Medical services that the company provides are:

  • Women's Health comprising laparoscopic, obstetrics & gynaecology and breast screening & treatment.

  • General Health comprising paediatrics, cancer, cardiac, urology, diabetes, thyroid and endocrine.

  • Diagnostics & Aesthetics comprising eye, dental imaging and aesthetics.

As of December 2020, the company has 18 clinics spread across Singapore where most of the businesses resides.

The Group addresses markets in Australia, Indonesia and Vietnam via joint ventures and associates. 

2011 - 2014

The Group discontinued Singapore Sports Medicine Centre at Novena in FY10. 

Between FY11~FY14, the Group registered operating losses due to start-up cost, wholly owned subsidiaries losses, Redeemable Convertible Preference Shares, China joint venture disposal, impairments and restructuring. 

Management was changed in Dec-2013 to strengthen organisation's leadership.

Financial  (Fiscal Year December)

Revenue peaked at $95M in FY19 with pandemic slowing her growth momentum in FY20. 1Q21 signal that revenue growth is recovering but strength of improvement is still uncertain. 

Revenue growth were driven by a combination of new business entry via acquisitions and organic business development. In FY17, the firm established a foothold in paediatrics and entered the Vietnam market.

In FY18, SMG with CHA Healthcare (Korea) collaborated to enter the Australian market.

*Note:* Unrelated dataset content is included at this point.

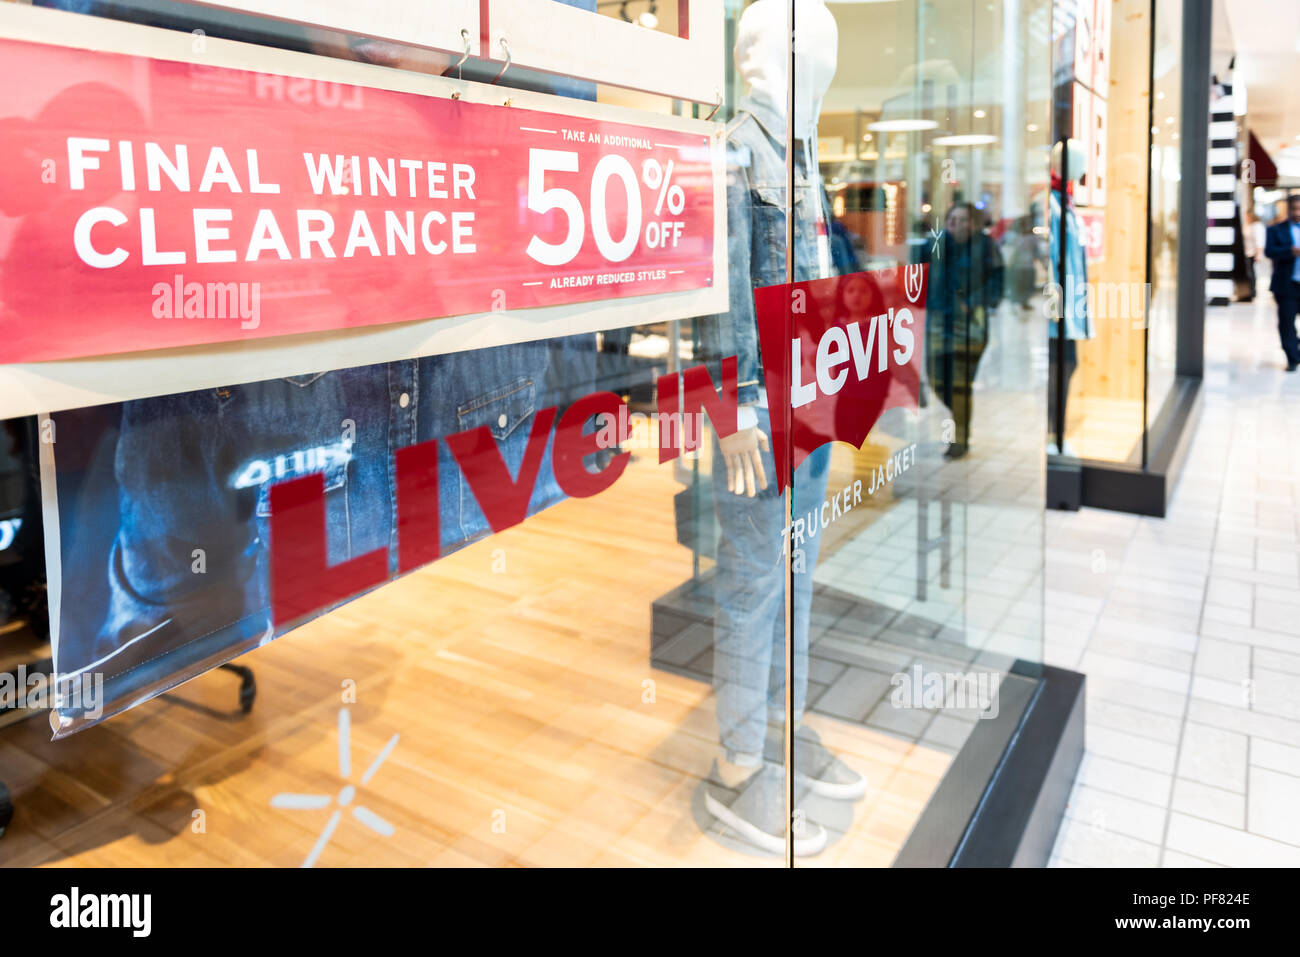 Tysons Corner, USA - January 26, 2018: Levi's, Levis denim jeans store,  shop with final winter clearance sale, 50% off sign on glass window, door  entr Stock Photo - Alamy

The firm also acquired an 85% stake in SW1 an aesthetic, plastic surgery & medical spa clinic. 

These activities were funded by CHA Healthcare $15M investment and $11M via rights issue.

Gross and operating margin declined from more than 60% to 44% average presently. Expense have also stabilised at 27.4%.

Diagnostic & Aesthetics margin surpassed Health in FY13 but appear to be soften since FY18. 

Risk

Balance sheet is relatively healthy with current ratio of 1.2 and Z-score of 3.4 as of FY20. However, there are $124M of goodwill in her books which could potentially weaken the balance sheet if the firm is unable to generate consistent positive cash flow. 

In FY20, a $3M impairment was made for three Paediatrics clinics acquired in 2017 due to declining earning.

Opinion

SMG NAV is $0.32 while NTA is only $0.06 due to goodwill. In FY19 and FY20, NTA appear to be gaining in value. Share price at time of writing is $0.305.

Since FY17, profit have increased from $8M to $13M in FY19 with net margin of between 12% to 15%. FY20 is coloured by the pandemic, but nevertheless chalked up a net profit of $9M or 10% margin.

While business is profitable; the present 'danger' of goodwill impairment will continue to cloud results, like in FY20.